The title of this blog is no accident, but I’m not a bitter online screamer who uses internet access as a substitute for anger management classes. Born into a working class family during the middle of the baby boom, I eventually surprised myself when I wound up at Harvard Law School and, immediately after graduation, one of the country’s biggest law firms. “Big” meant something different in those days; I was lawyer number 150 or so.

My job afforded me great opportunities to do what I enjoyed, gave me a sense of personal autonomy, and provided my family with financial security. Still, as demanding as it was, being a lawyer never defined me exclusively. When I wasn’t out-of-town trying cases, I was home for dinner.
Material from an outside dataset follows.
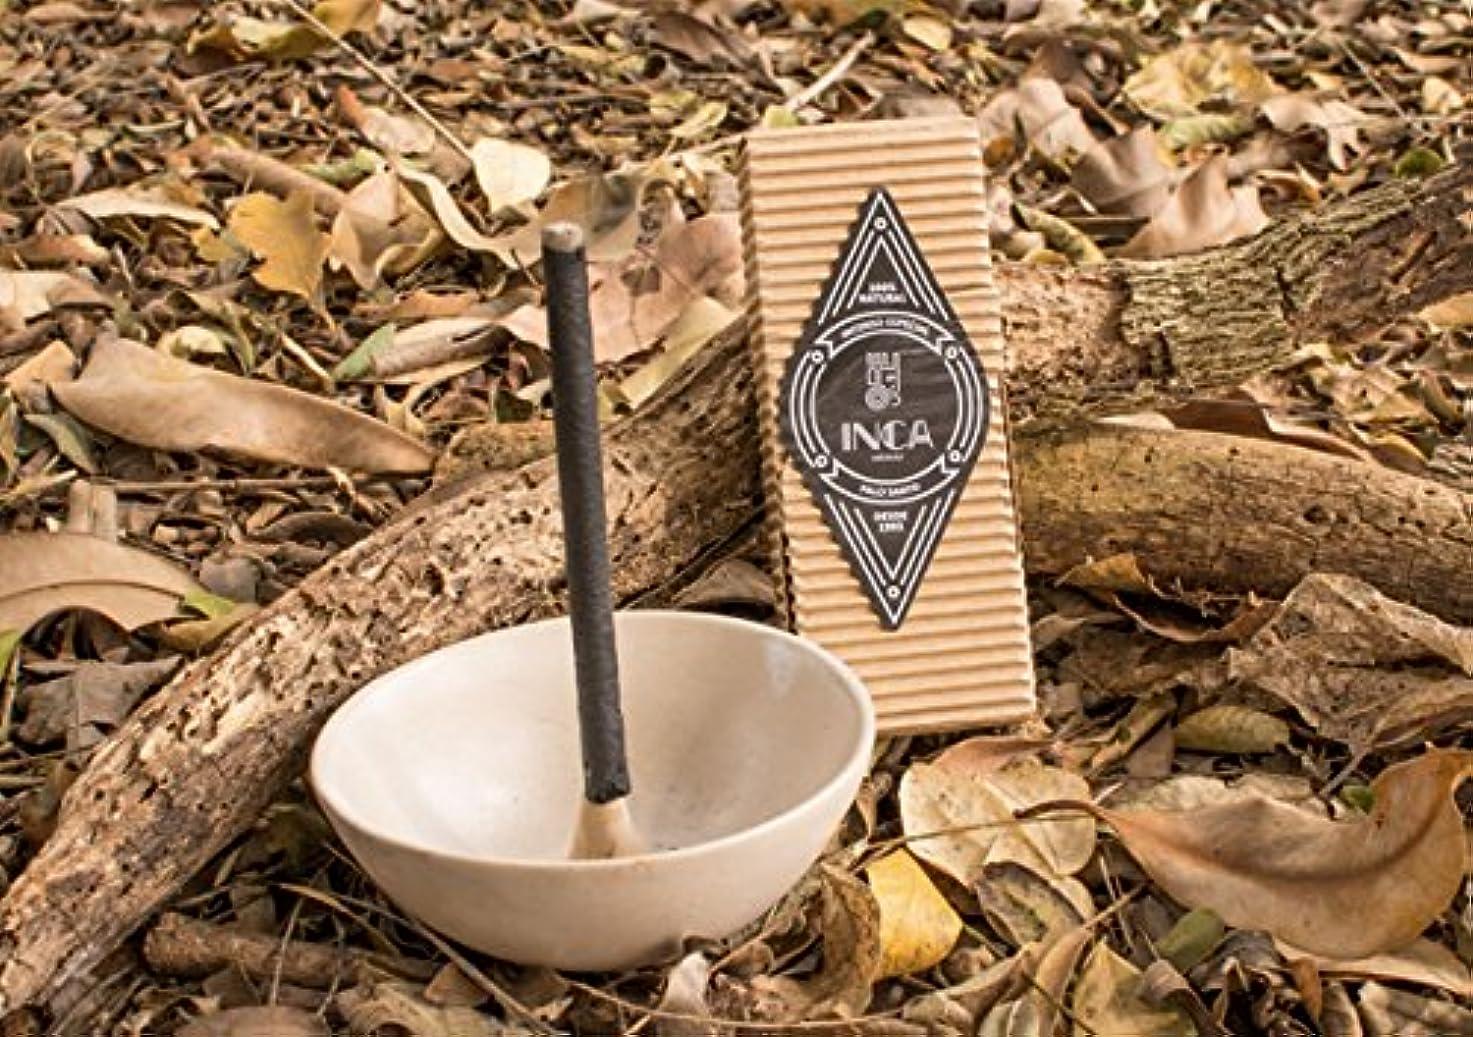 くしゃくしゃイデオロギー富新しいボックスの9プレミアムPalo Santo Incense Sticks :手作り100 %ナチュラル、アーティザンand Therapeutic Incense Stickからのブラジルアマゾンフォレスト、経験正...
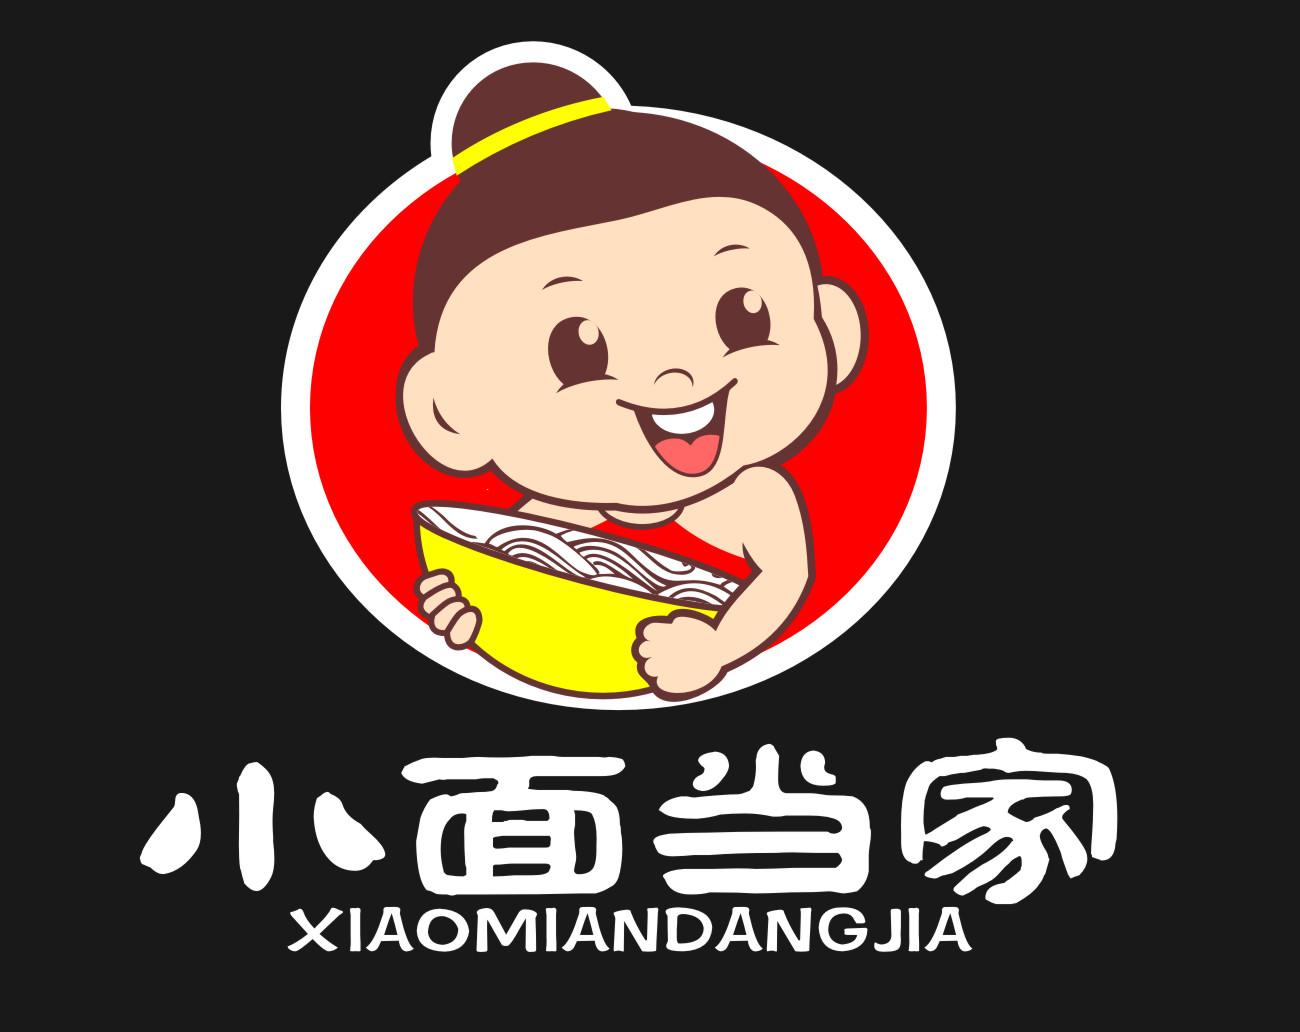 重庆华奇餐饮管理有限公司

I coached all of my kids’ little league and girls’ softball teams and am still married to my first wife. All of our adult children are making the world a better place.

I don’t take credit for all of the good things that have happened in my life, nor can I pretend that my priorities are right for everyone. But my approach helped to make me part of an increasingly rare breed: attorneys who are satisfied with their careers and happy with their lives.

Retirement in my early-50’s hasn’t dimmed my outlook or diminished my enthusiasm, but distance has sharpened my perspective on how the legal profession has changed. For those now entering it, career satisfaction seems to be more and more elusive. The reasons become clearer to me every day.

Even more importantly, they have a universal application that goes far beyond the law.

More about that in the days ahead.

PUZZLE PIECES

Connections are not always obvious.

In a single 24-hour period last week, two seemingly unrelated articles appeared in national publications. They addressed opposite ends of the legal profession’s pipeline: entry and exit.

An April 1, 2010 report in the New York Times, “At Law Firms, Reconsidering the Model for Associates’ Pay,” described a growing phenomenon that should interest all prospective lawyers and many others. The essential point: big law firms (where most graduates think they want to begin their legal careers) are looking for ways to pay their new associates less.

A day later, the April issue of the ABA Journal included “Not Done Yet: If 65 is the new 50, how will baby boomers remake retirement?” It described aging big firm attorneys who were approaching (or had already passed) the traditional retirement age.

In an upcoming series of posts, I’ll describe the profound connections between these two articles in the context of the profession’s recent trends. But before that, we’ll continue next time with some background information about me so readers can assess whether I have anything useful to offer them.

For starters, let me admit that for 30 years I was a litigator at a large law firm.